By Ryan Bourne, courtesy of the Cato Institute
The unemployment rate fell sharply in August to 8.4 percent. While an accurate pre‐crisis comparator unemployment rate is undoubtedly slightly higher than this, this was an unexpectedly sharp fall in the official jobless rate.
The glass half‐full reading is this: despite the massive pandemic shock, the unemployment rate in the U.S. is already as low as France’s in boom times (a testament to easy hire and fire laws and low levels of labor market regulation here).
The glass half‐empty reading: this is still a long way from a full recovery and we’d expect that recent months would have seen some low‐hanging fruit gains as closed businesses reopened, bringing back on board workers. In future unemployment might prove much stickier, if it results from more permanent company failures and realization that we are in a new normal until the pandemic is over.
Some have claimed that the sustained fall in unemployment from April through August shows that the $600 per week pandemic unemployment benefit expansion, which expired July 31, did not disincentivize people returning to work. This seems a bad take, for several reasons.
First, the Federal Reserve’s Beige Book this week reports a lot of contacts at state level saying that they continued to find it difficult to hire low‐wage workers at the wages they were willing to pay. This suggests the supply of workers remained constrained somewhat by the high level of unemployment benefits in July and the expectation of some form of continuation of them after that (the President has since introduced a lower $400 unemployment supplement for four to five weeks, but Congress is considering its own actions).
The Beige Book national summary:
Firms continued to experience difficulty finding necessary labor, a matter compounded by day care availability, as well as uncertainty over the coming school year and jobless benefits.
The Federal Reserve Bank of Boston:
The majority of contacts reported difficulty finding candidates who were willing to work, especially for pay rates that might be lower than pandemic‐augmented unemployment benefits.

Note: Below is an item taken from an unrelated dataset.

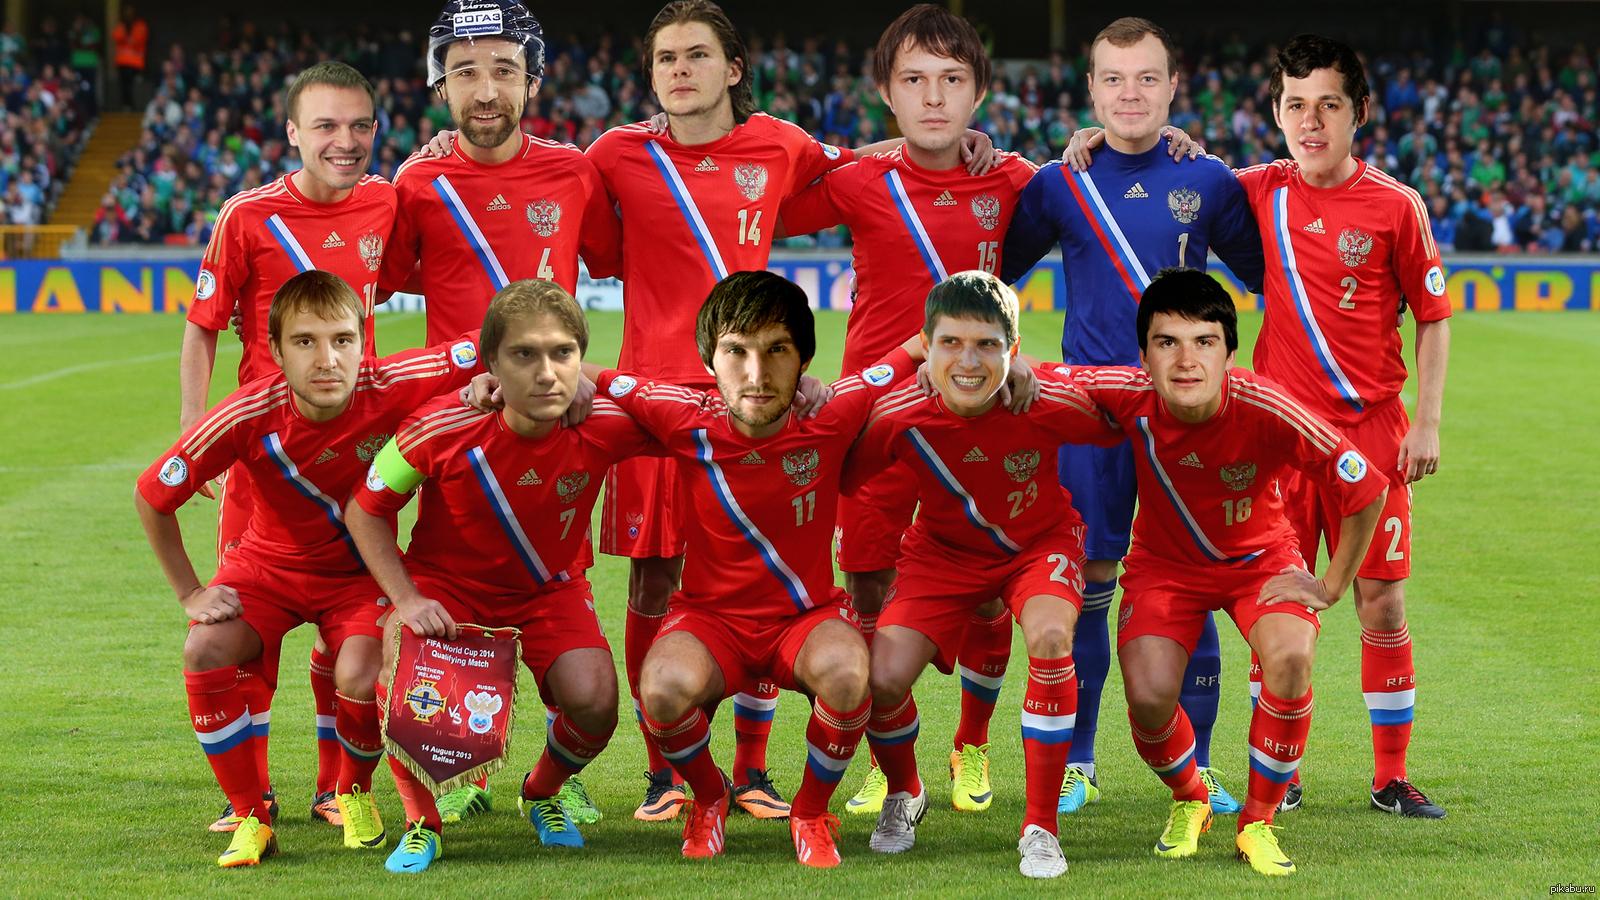 картинки про нашу сборную по футболу предлагаю вашему

Some contacts cited skills mismatches as a barrier to finding the workers they needed while others believed that the generous unemployment insurance benefits had discouraged workers from applying for available jobs. Also, multiple contacts said that some former employees were recalled but did not report back to work.
Among those hiring, most indicated that the pool of available workers was ample, although there were reports that unemployment insurance benefits continued to present challenges attracting low‐wage workers.

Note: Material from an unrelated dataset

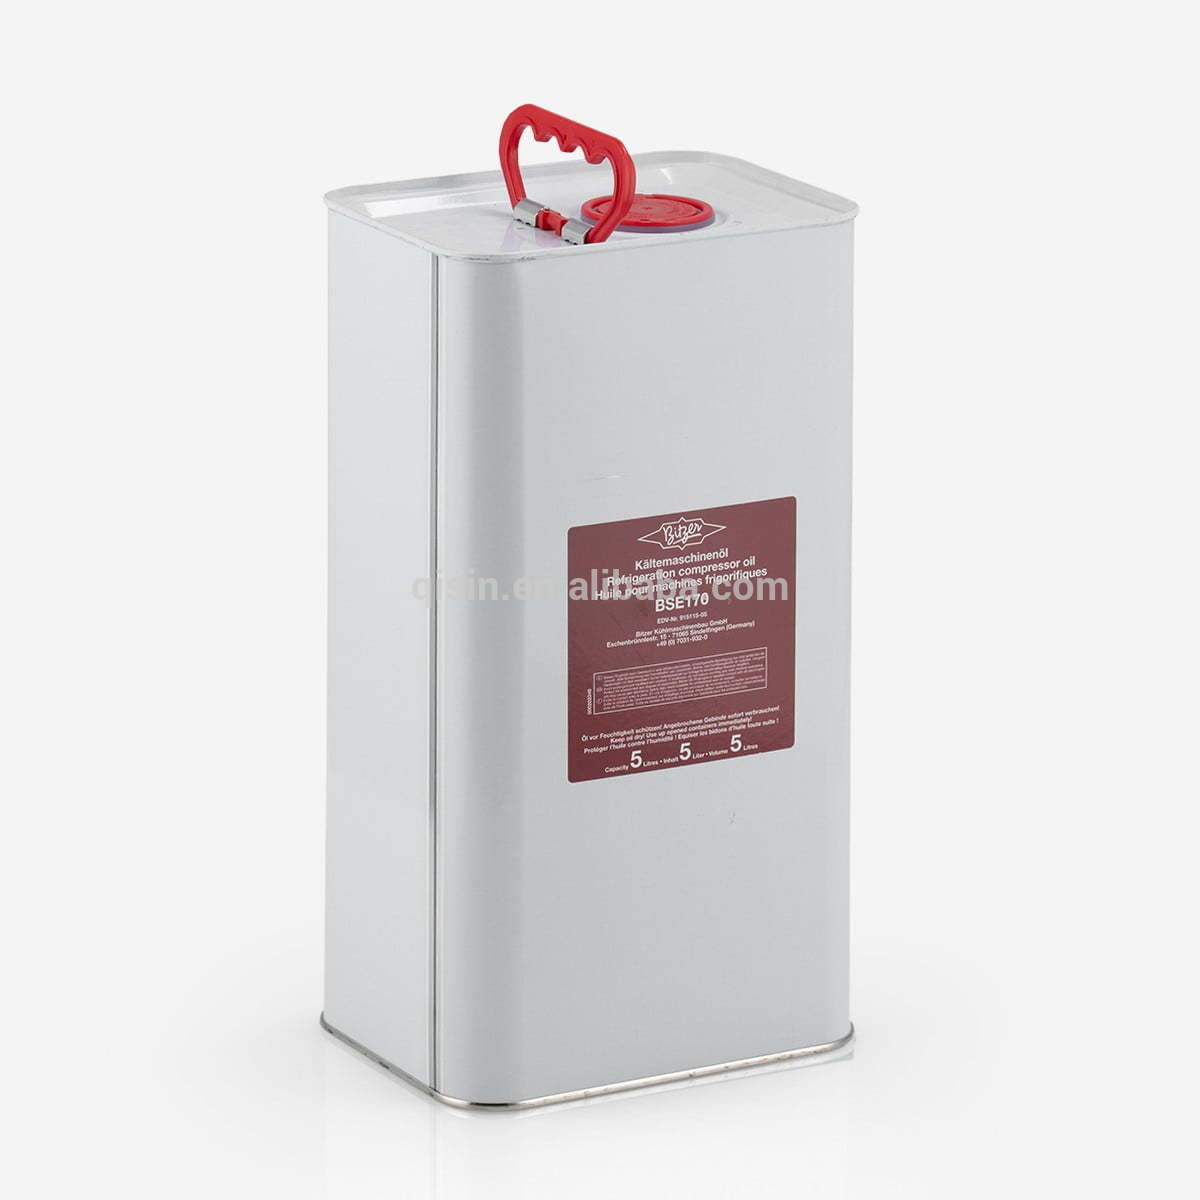 Подлинное масло компрессора (B5.2 BSE32 BSE55 B100 B150SH BSE170 B320SH) для R134a R404A R407 R507A R1234yf R513A R450a

Several contacts again commented that generous unemployment benefits had made it difficult to bring payrolls back to desired levels, especially at the entry level.
And of those with surveys specifically mentioning August, the Federal Reserve Bank of New York report claimed:
Some businesses have noted less trouble bringing back furloughed workers and hiring new ones in recent weeks, as unemployment benefits were scaled back.

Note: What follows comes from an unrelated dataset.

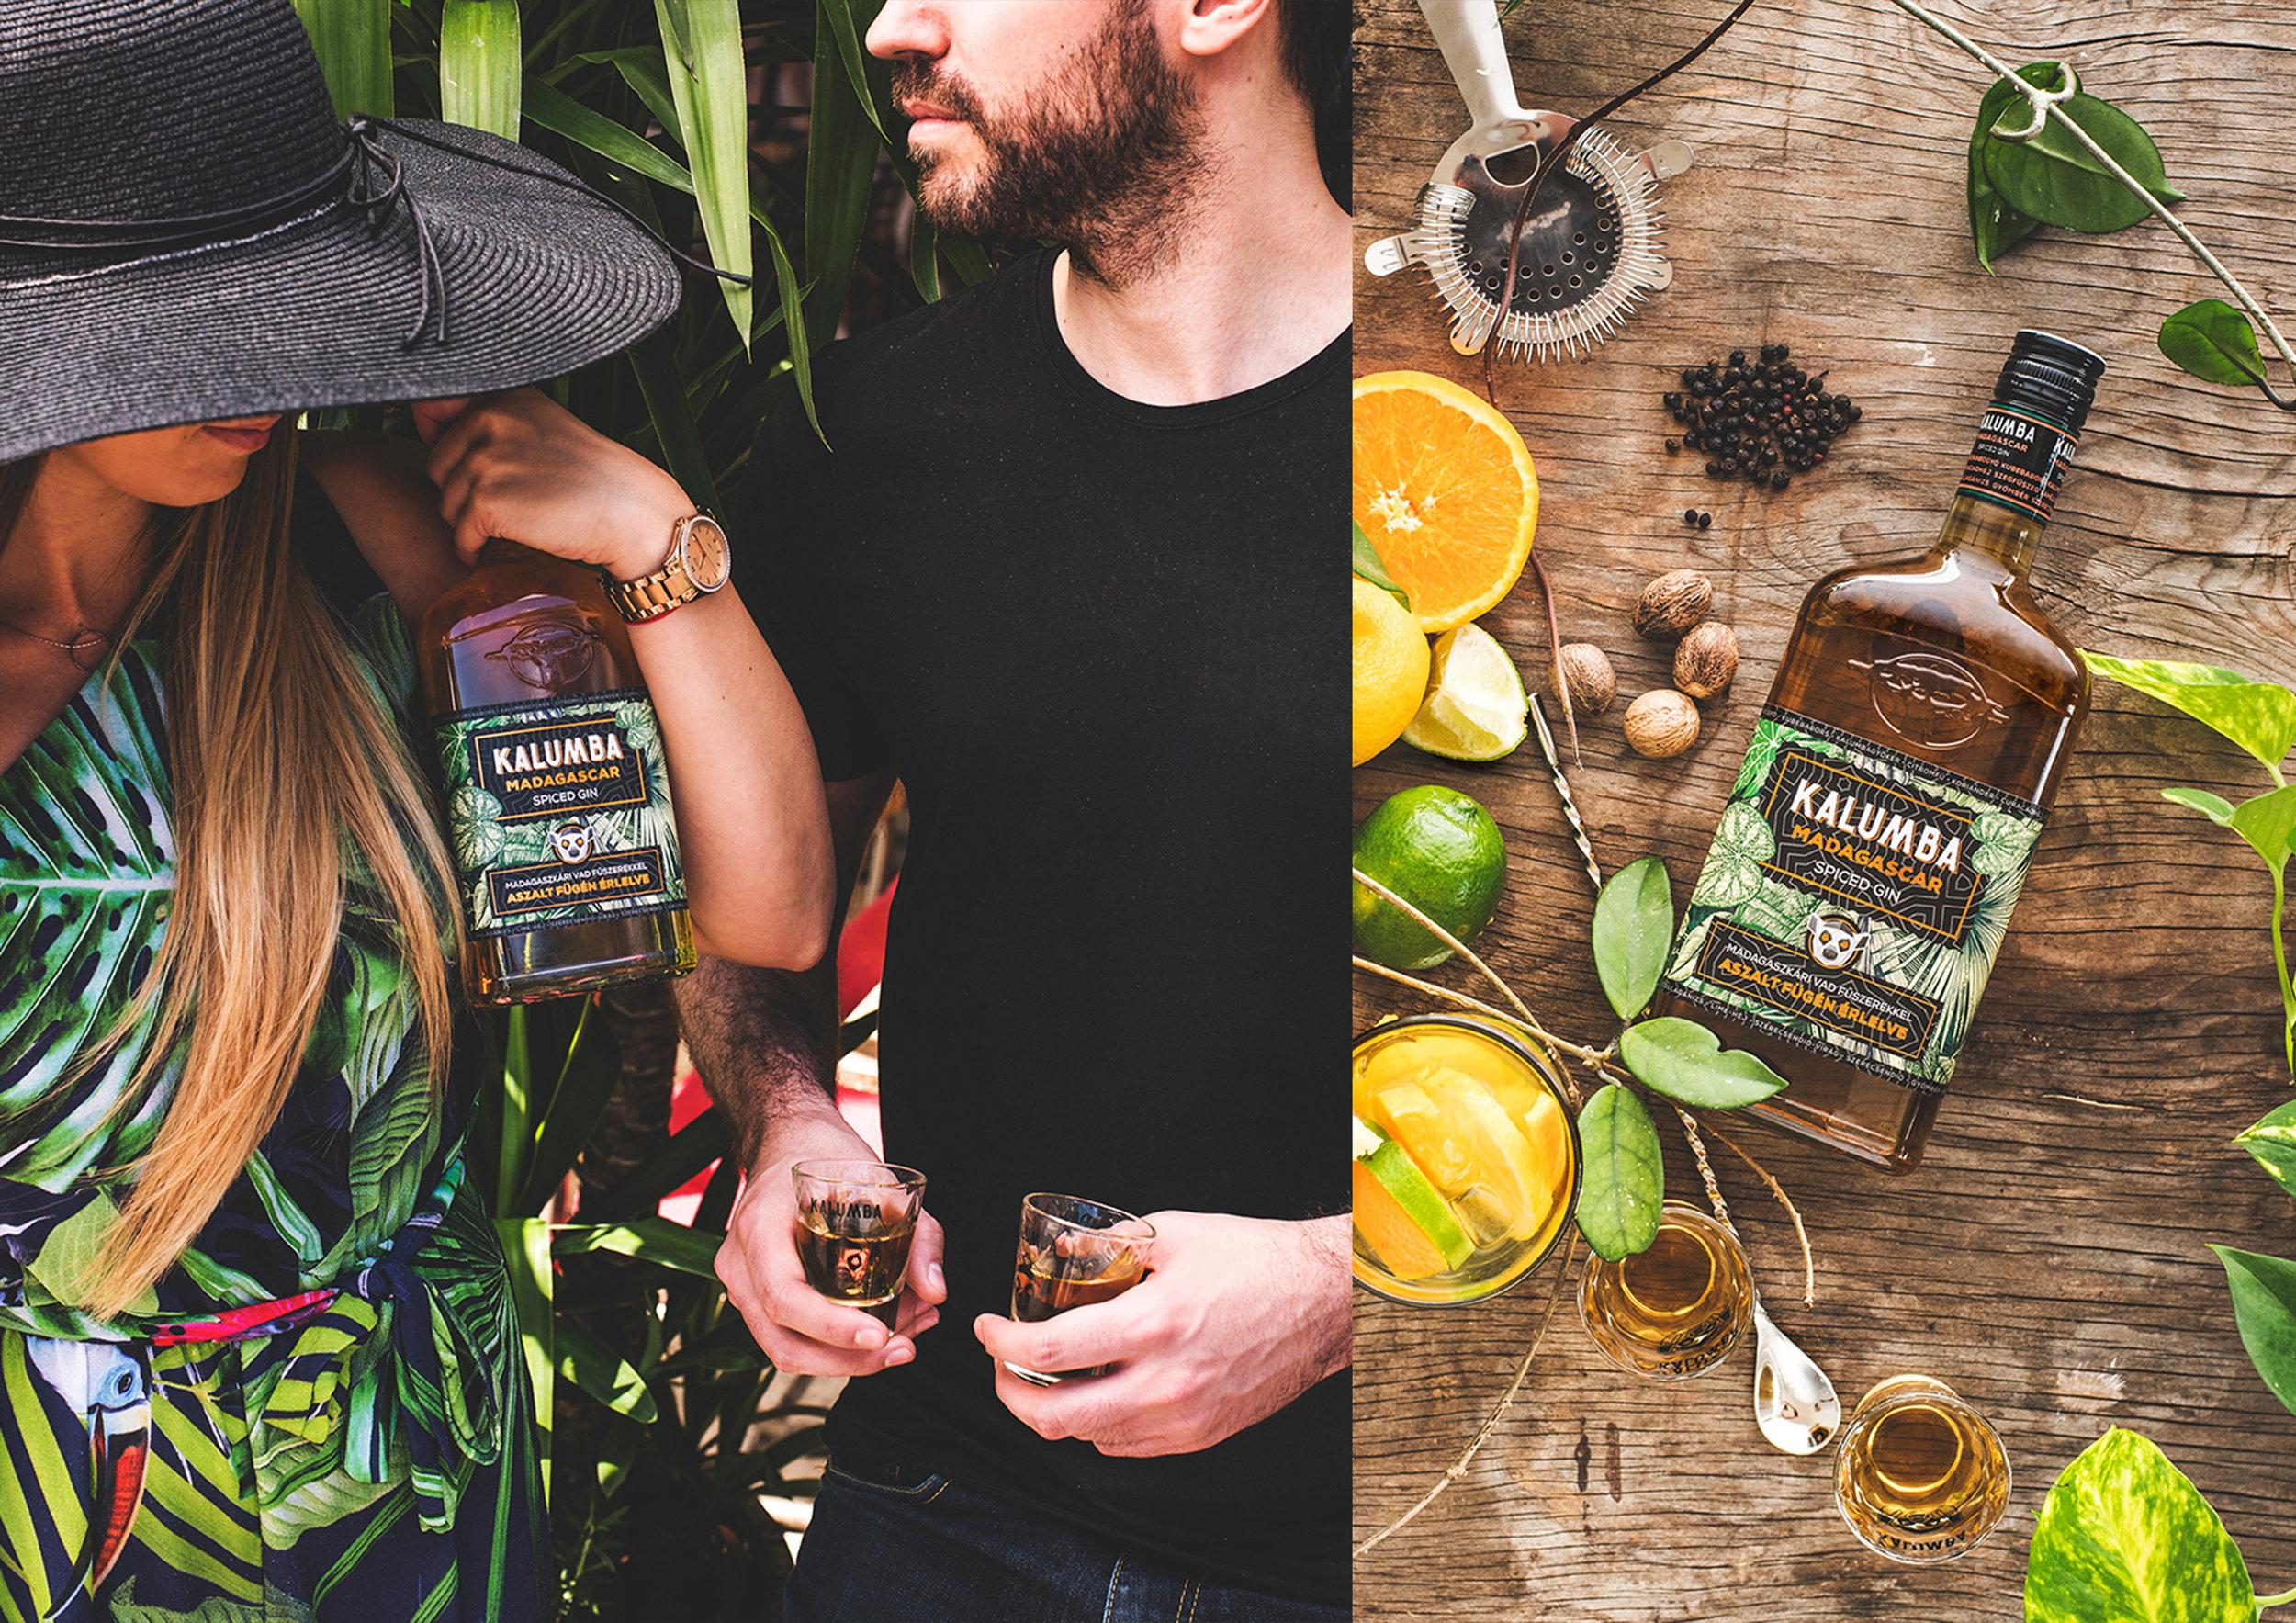 Kalumba Madagascar Spiced Gin Brand Design / World Brand and Packaging Design Society

Fear of infection and expanded unemployment benefits had become lesser concerns.
So, businesses in many parts of the country are convinced that the disincentive effects were and are real and that they then dissipated somewhat in August, when the scale of the unemployment benefits fell. But why then did we see falling unemployment through July too, when the expanded benefits were actually still in place?
One obvious explanation is that although some laid‐off workers would have sought to pocket the benefits, others would have been more forward‐looking. Without the knowledge about President Trump’s executive order extending less generous payments, many unemployed folk would have faced a risky decision: the security of a job now, or high benefits for a few weeks.
If the option then in spurning employment was perceived as receipt of 140–220 percent of past earnings in UI benefits for July but then falling to 30–50 percent of previous earnings and confronting the uncertainty of unemployment, it’s perhaps unsurprising that many accepted recalls or took up new roles.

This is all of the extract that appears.